Working on what we have already discussed - resume, headshot, demo reel, website, and proper training, now it's time to get to know people. Meet industry professionals. Get your name and face in their head when they need to cast a role. Start with small roles, then supporting roles, and so on.


Or, shoot for the 1 in a billion chance that someone will see you on the street or at work and want to put you in their next big Hollywood film. Like most things in life, it's going to take practice, dedication, and goals.


7. Do I need to be beautiful or physically fit?

I'm happy to say that these are absolutely NOT required or important. These days we work in an industry where businesses are hiring models of all shapes and sizes and without hesitation. It's an amazing place to be where what makes YOU unique is what makes YOU ideal for being cast. The trick is that you need to learn to become comfortable with who you are and work on being cast in the role that speaks to you.


If you are auditioning in a suit with a fresh haircut you better be going toward a role that needs that look. The 1979 film Alien had a cast that was hired to look like a group of truck drivers. They cast based on what the role needed. The guy in a suit and fresh haircut would mostly likely get passed on compared to the scruffy guy in jeans.


Arnold Schwarzenegger was told that he was too big to ever be an actor. Let that sink in. He became one of, if not the largest action movie star of the 80s and 90s. The point is, don't let anyone tell you that you're not right for acting or modeling. There is always a part for you, but you need to put in the work.


8. Will my accent prevent me from getting work?

Going back to Arnold, he was also told, much like Sylvester Stallone, that he wouldn't be hired due to his voice. Well, again, we have great success stories to be told. You accent is another unique strength that you can use to your advantage. You are authentic. However, this is where you need to work to your strengths. Audition for the roles where an accent could work or are required. Not all roles are built with the voice/accent in mind, so there will be times that your natural voice is what gets you the role over the other actors.


With that, it's still a good idea to adjust your accent by working with a coach for the roles you want, but don't allow for accents based on the character's background. This is why we see Hugh Jackman nail the American English accent despite being from Australia.
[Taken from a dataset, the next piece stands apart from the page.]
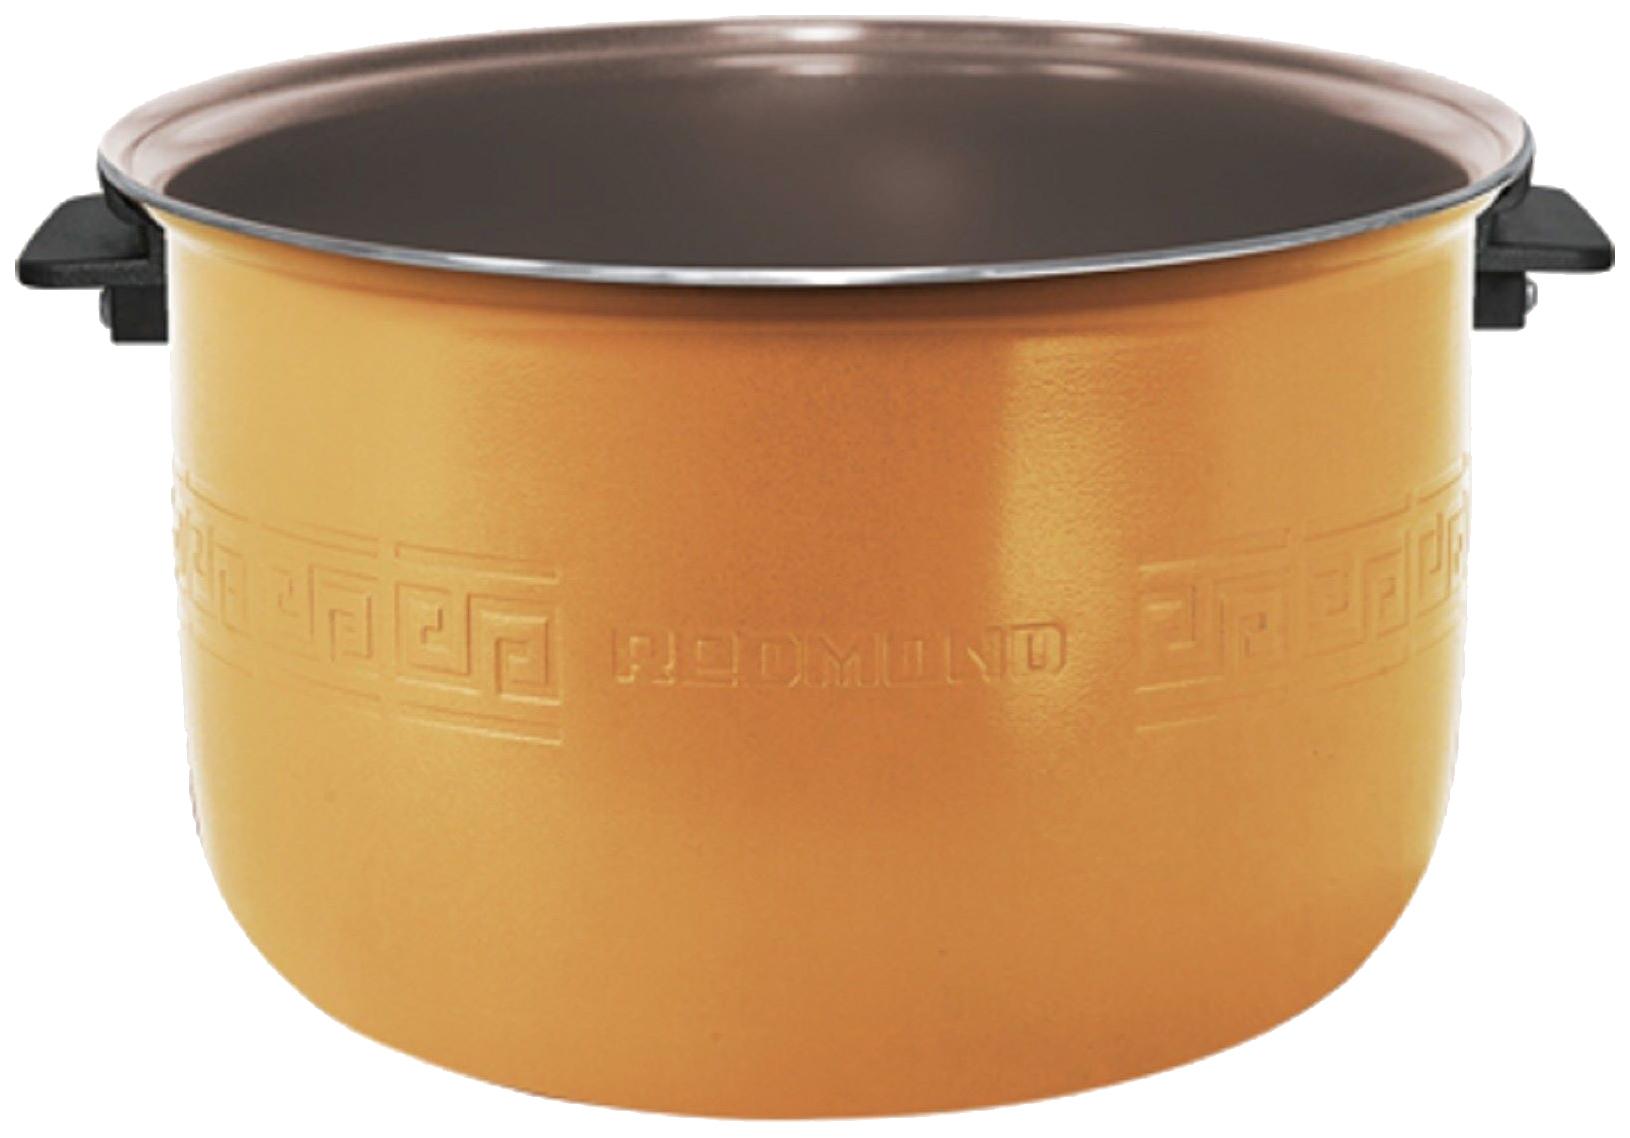 Чаша для мультиварки Redmond RB C515 Золотистый,
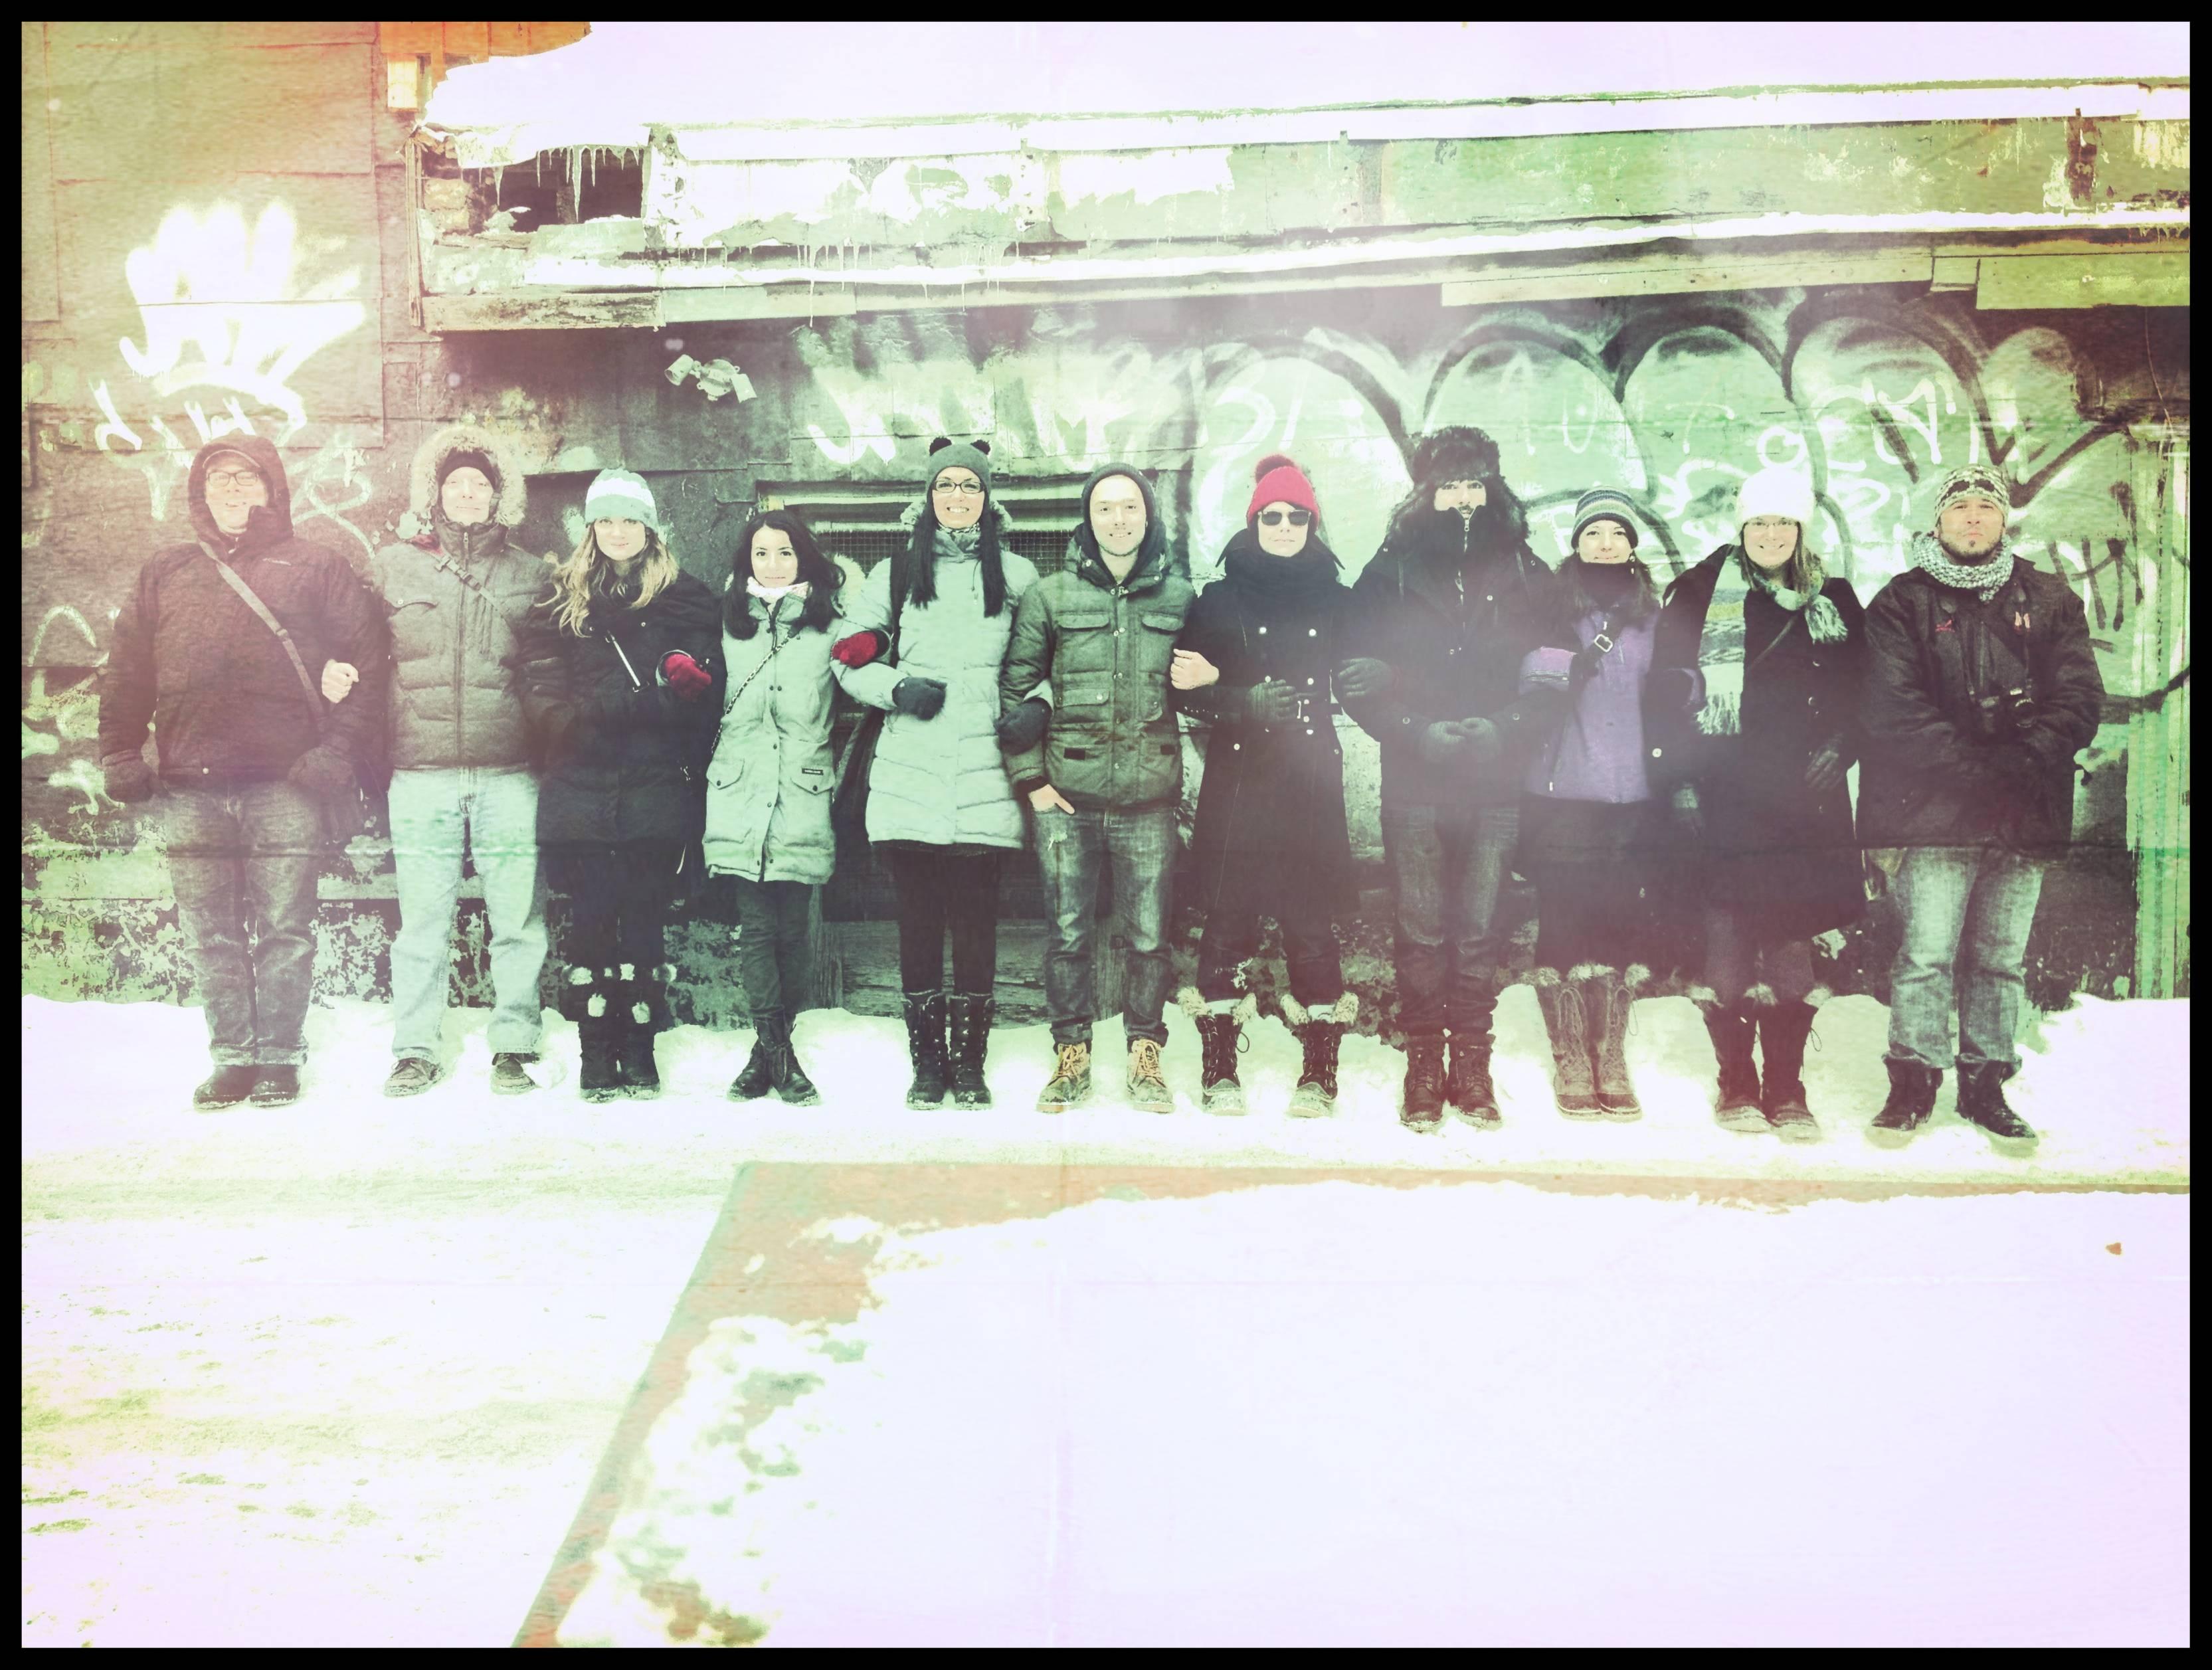 Instagramers Montreal photowalk recap

Regardless of your unique accent it's a good idea to be able to do more than one to land more roles.


9. What happens if I get rejected?

It's all part of the game. Get used to being told "no", or realistically, told nothing. Most auditions have "call-backs" which is typically only done for the actors they want "back". When this happens go back to question #3. Let it go and move on. After all, Julie Andrews said it best:

"Perseverance is failing 19 times and succeeding the 20th" - Julie Andrews

If there is one skill every actor should have it's becoming comfortable with rejection. A Casting Director has 100 people in front of them, 20 of them were good, 8 of them were great, but they can only pick 1. Don't take it personal. Learn to be comfortable with auditions and have fun!




10. How long until I make it?

First, what is your definition of "making it"? It's connected to that goal back at the top. Understand your definition of making it and create goals along the way before you worry about the time frame. Considering that most actors stop in about one year of starting, the main advice here is, Don't Give Up.


Be patient. Becoming an actor by tomorrow isn't impossible, but it's highly unlikely. So, stay in it and be ready to invest a lot of time, hard work, and even money before it pays off. Go back and reflect on these questions and your answers over time and just remember that you you are doing what you love!